***** Extracted material *****

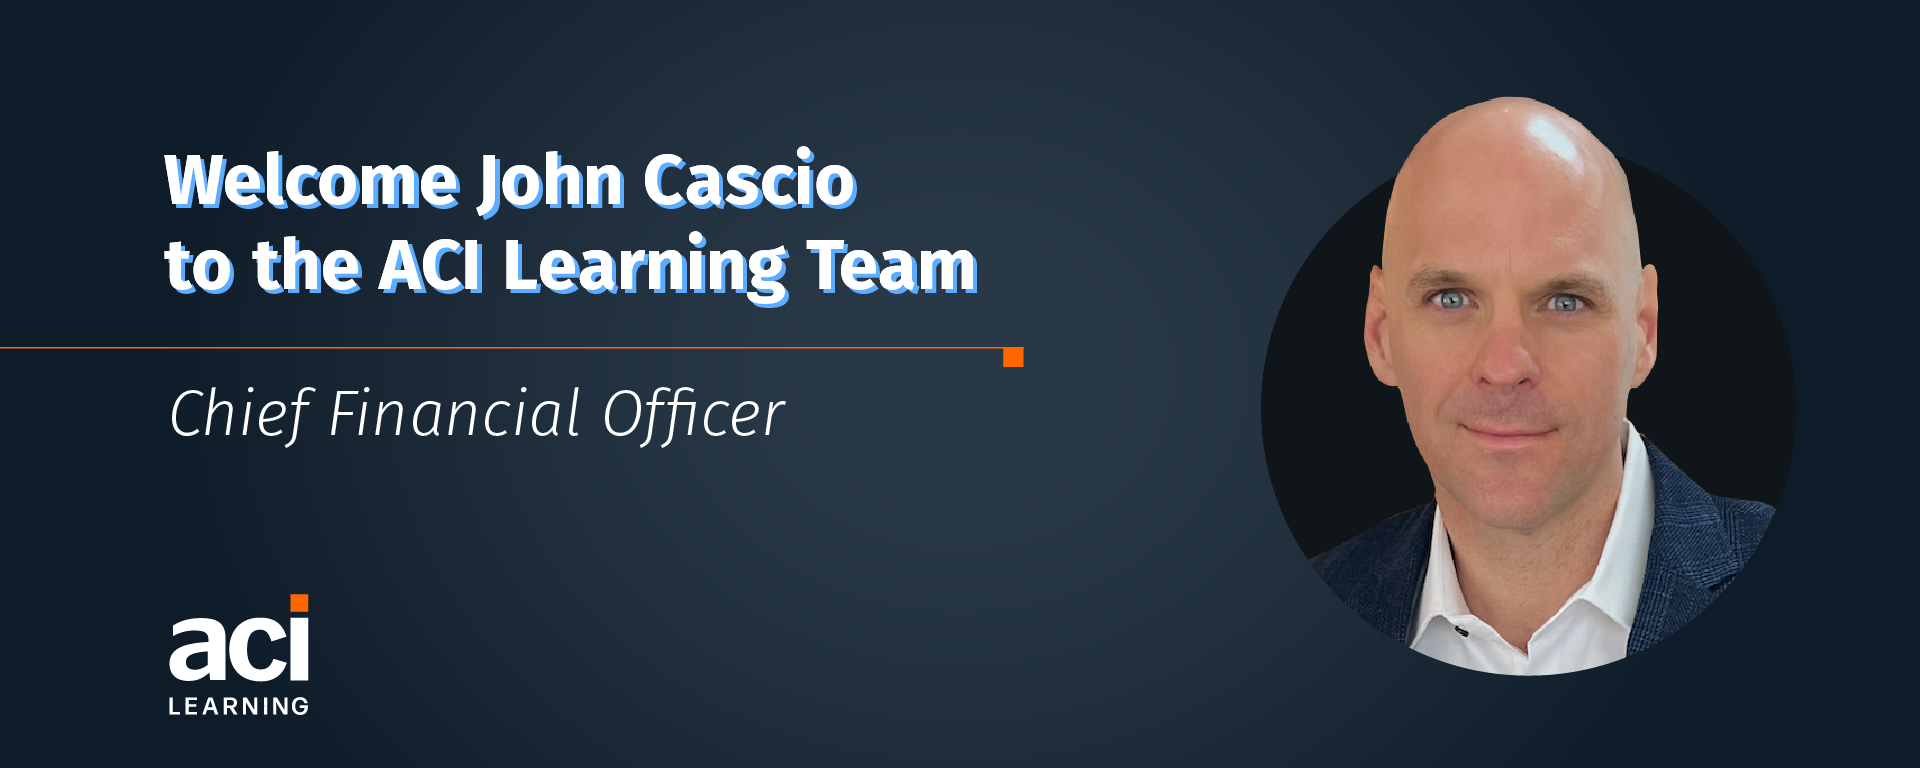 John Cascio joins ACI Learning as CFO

*****
***** Extracted material *****

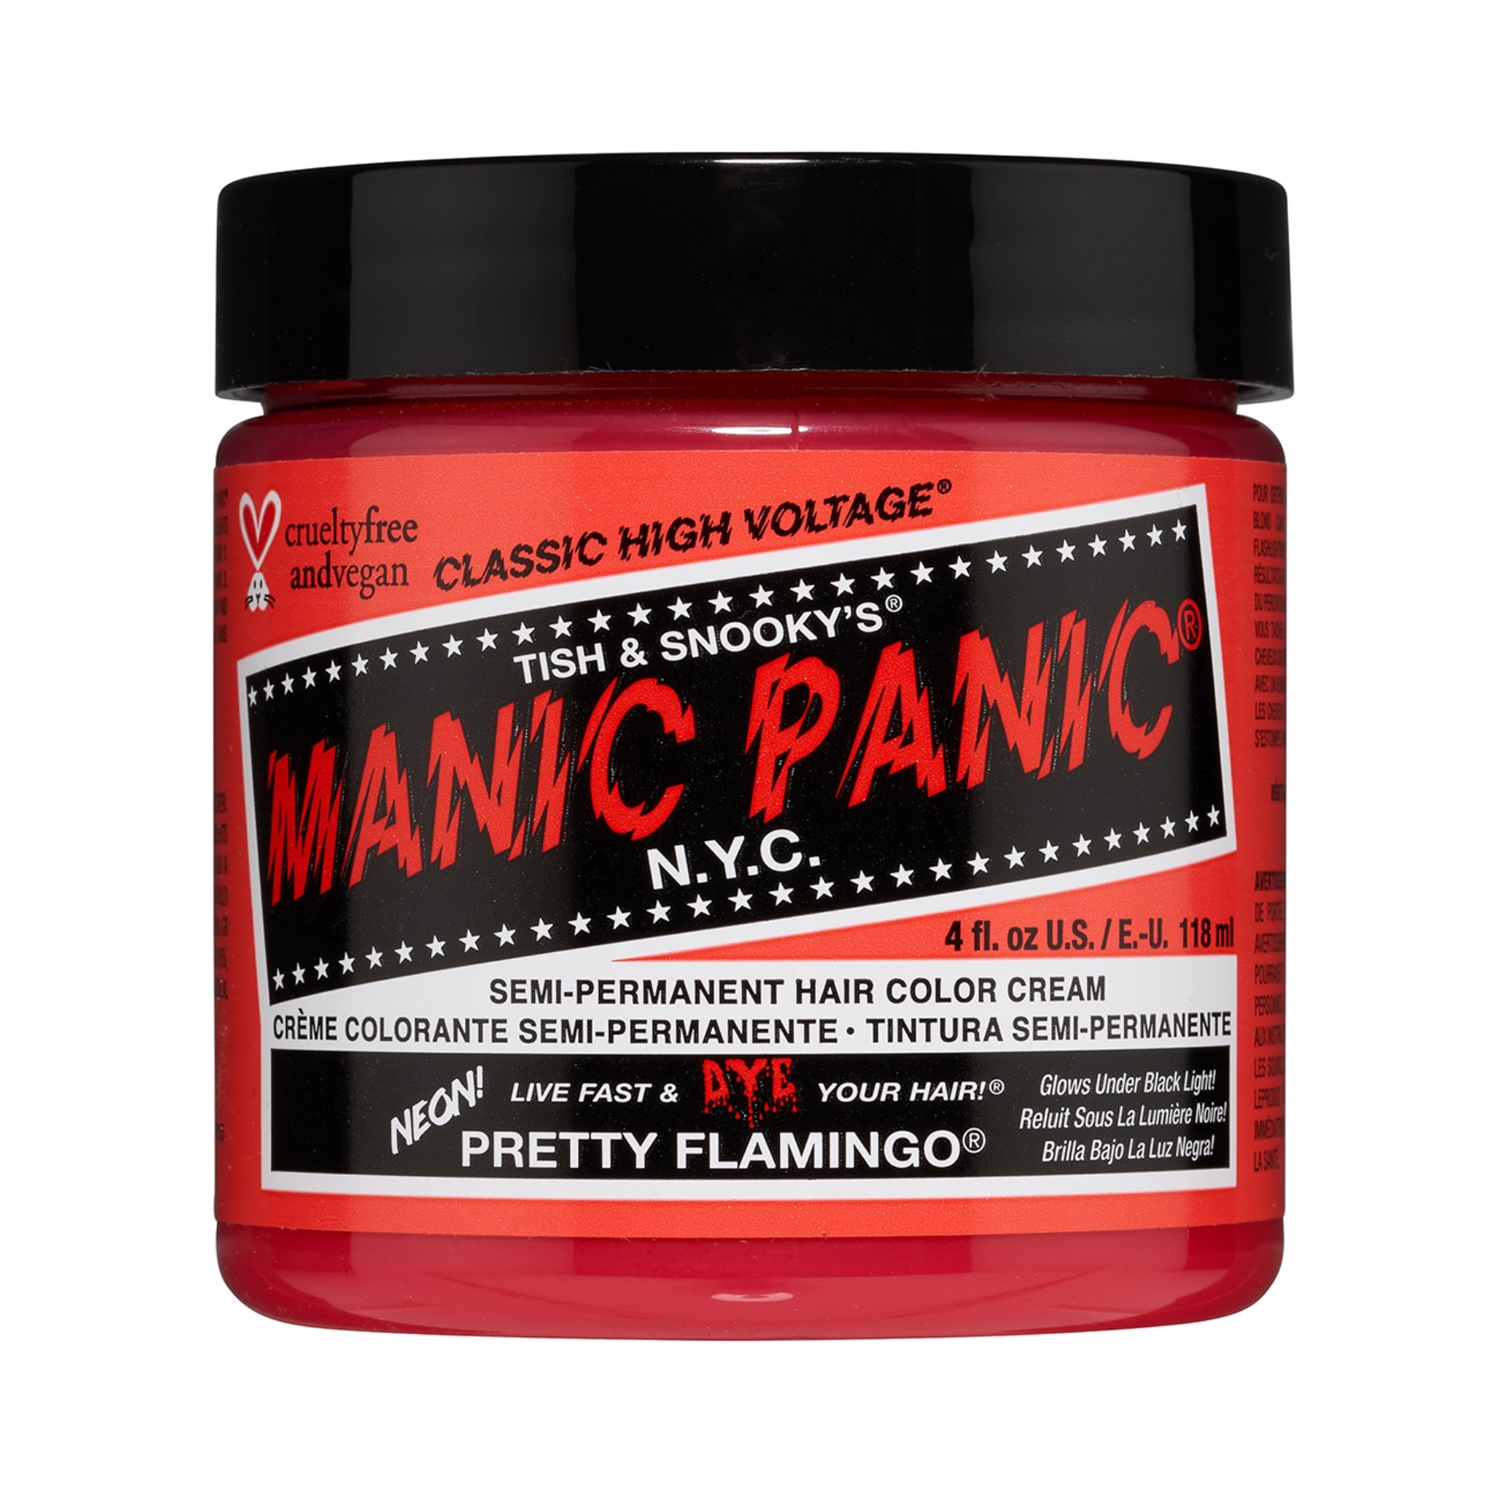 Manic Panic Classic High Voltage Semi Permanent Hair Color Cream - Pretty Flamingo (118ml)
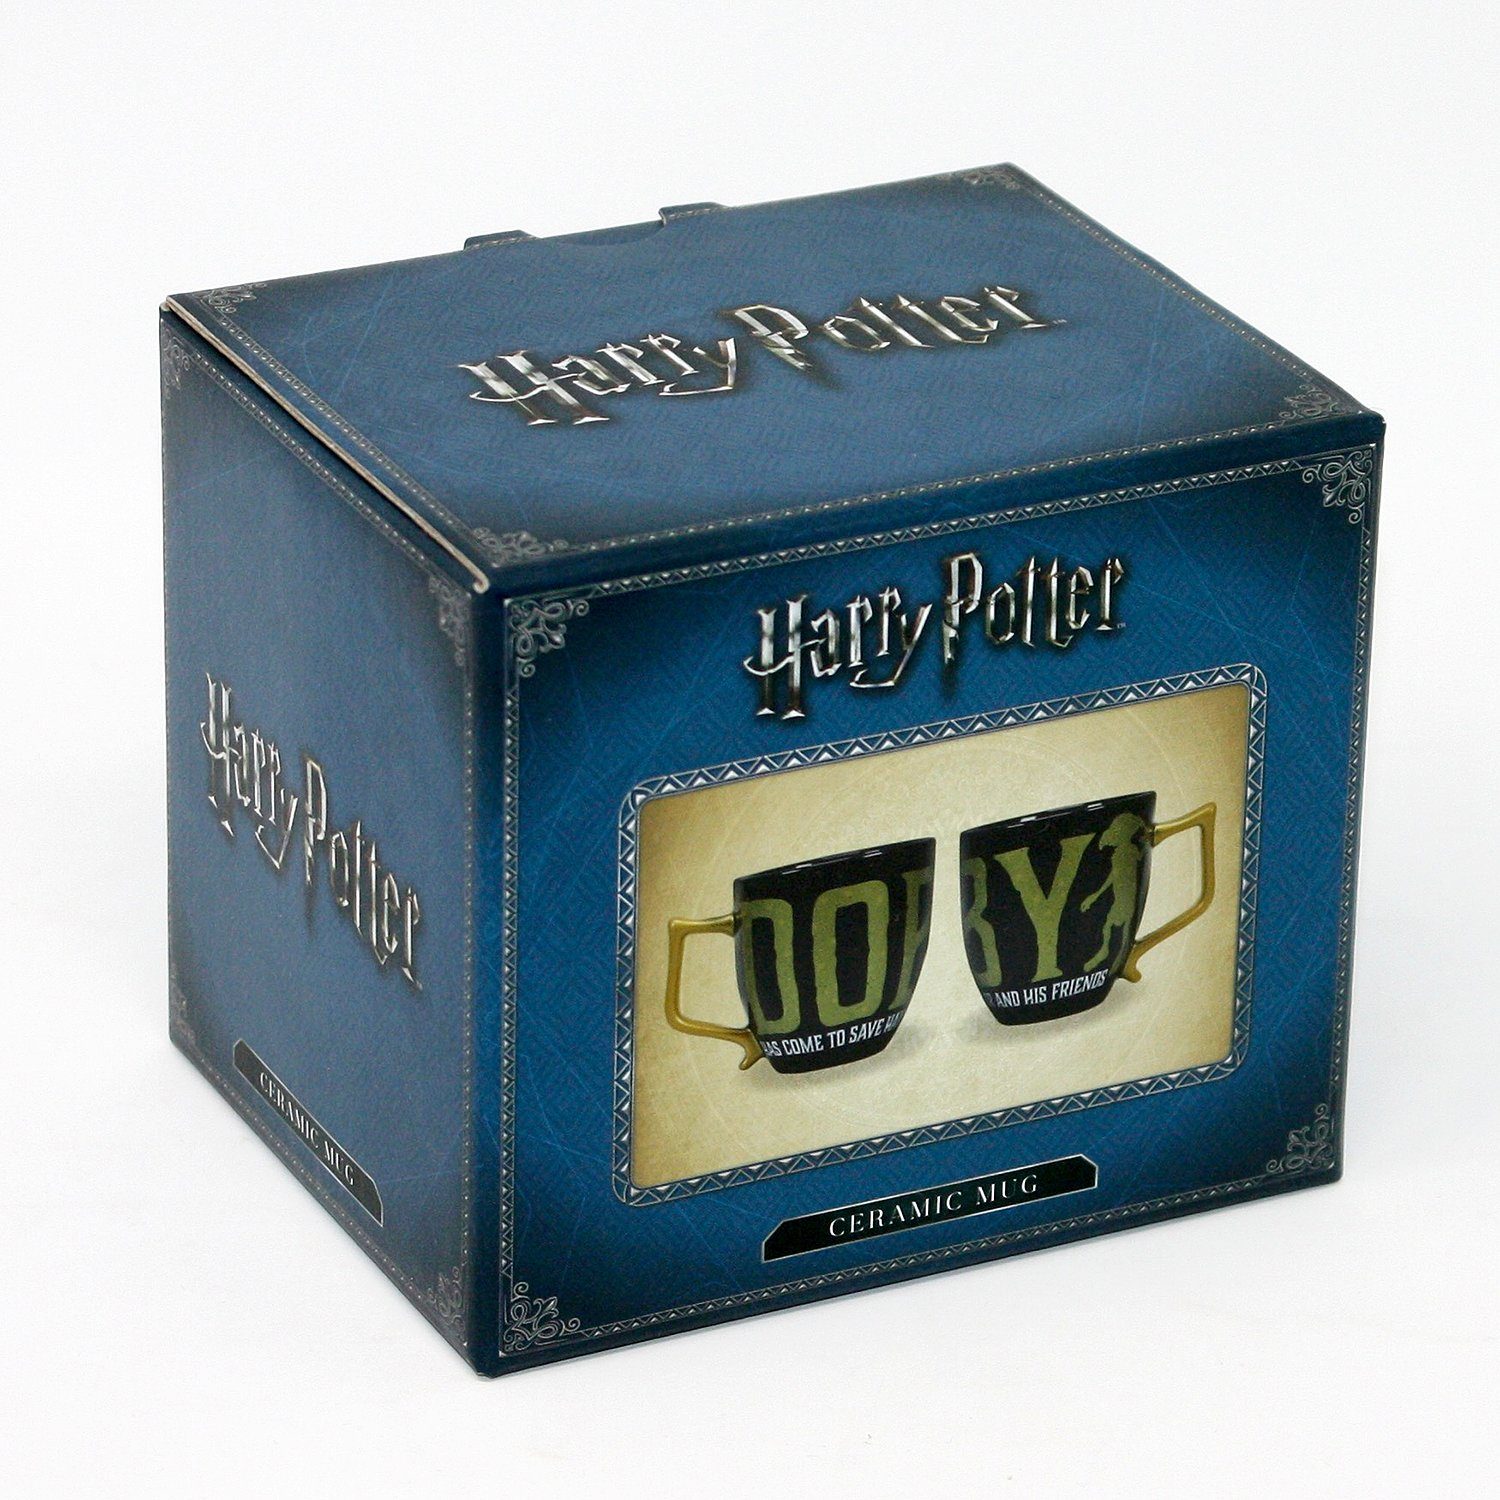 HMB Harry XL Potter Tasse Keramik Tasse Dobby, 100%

*****
***** Extracted material *****

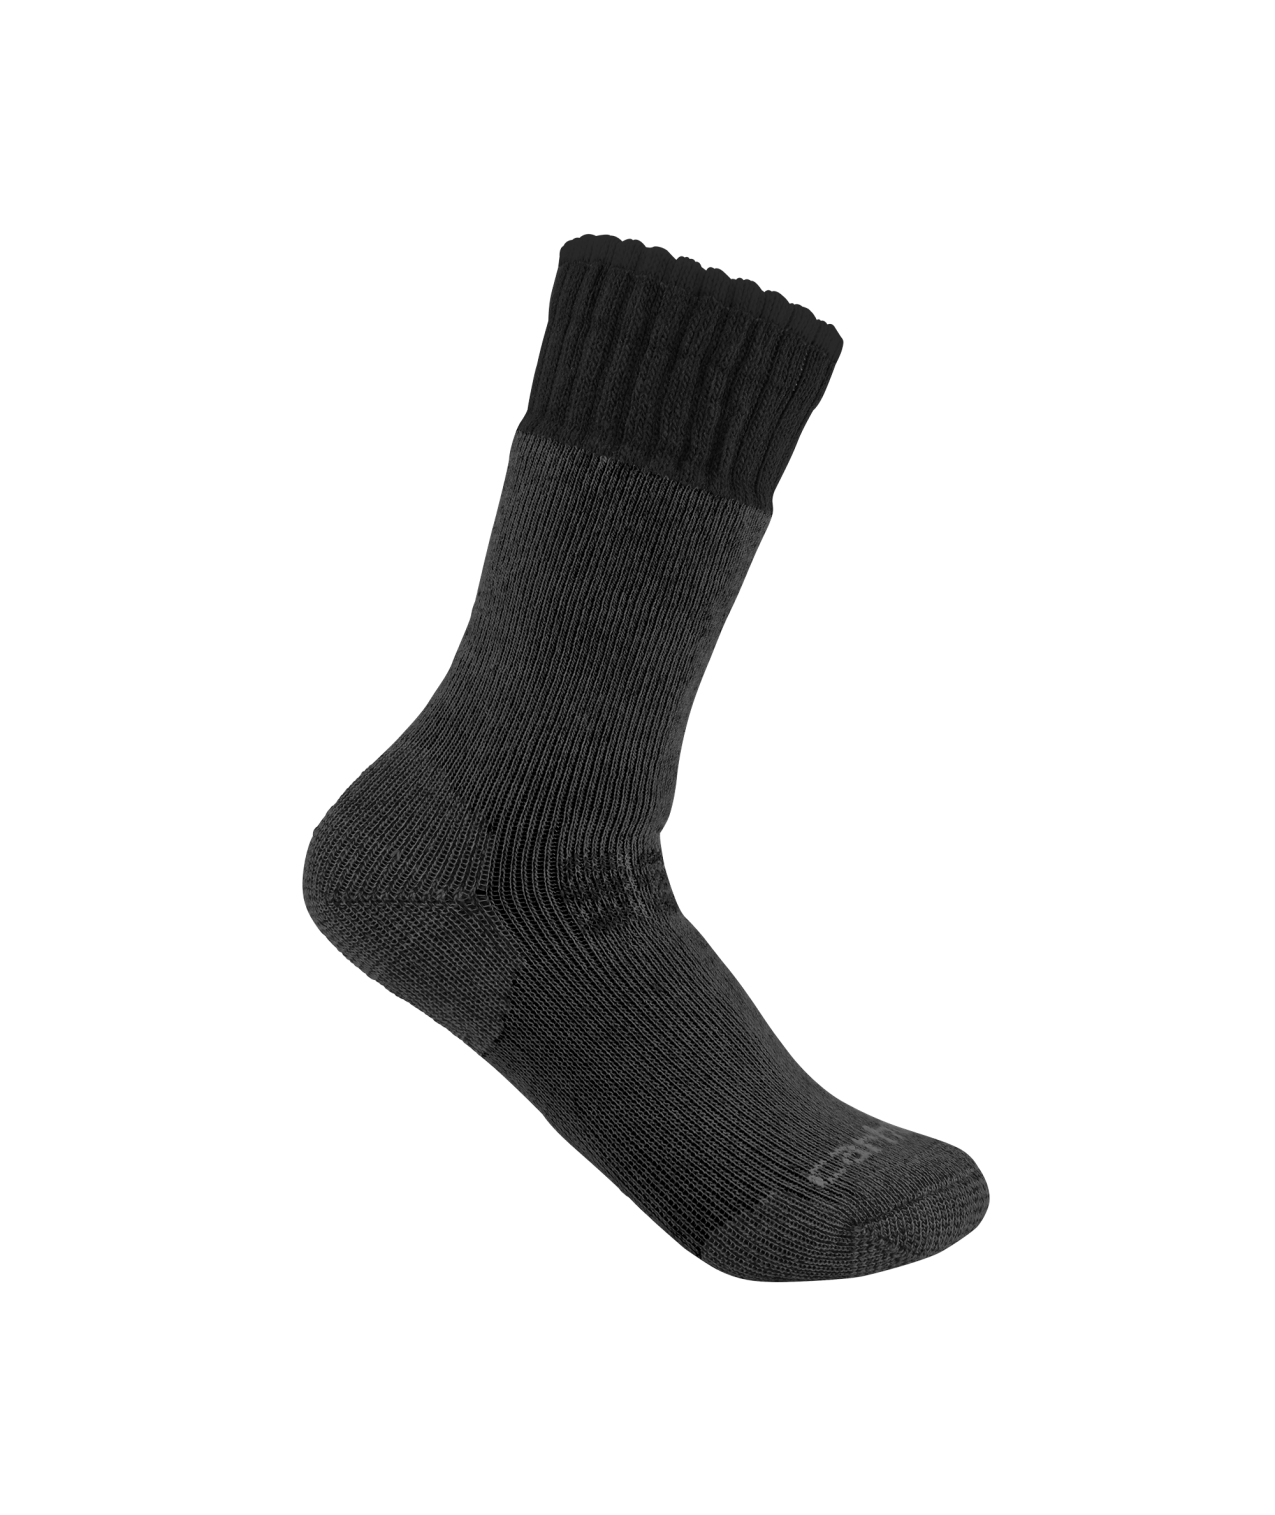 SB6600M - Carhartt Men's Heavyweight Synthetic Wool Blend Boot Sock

*****

> _Problem description_: What's needed is an exact copy of the lines above from the one with "Manic Panic Classic" through the one with "HMB Harry XL", both included; the pictures stay out.

> _The answer_:
 Manic Panic Classic High Voltage Semi Permanent Hair Color Cream - Pretty Flamingo (118ml)
 HMB Harry XL Potter Tasse Keramik Tasse Dobby, 100%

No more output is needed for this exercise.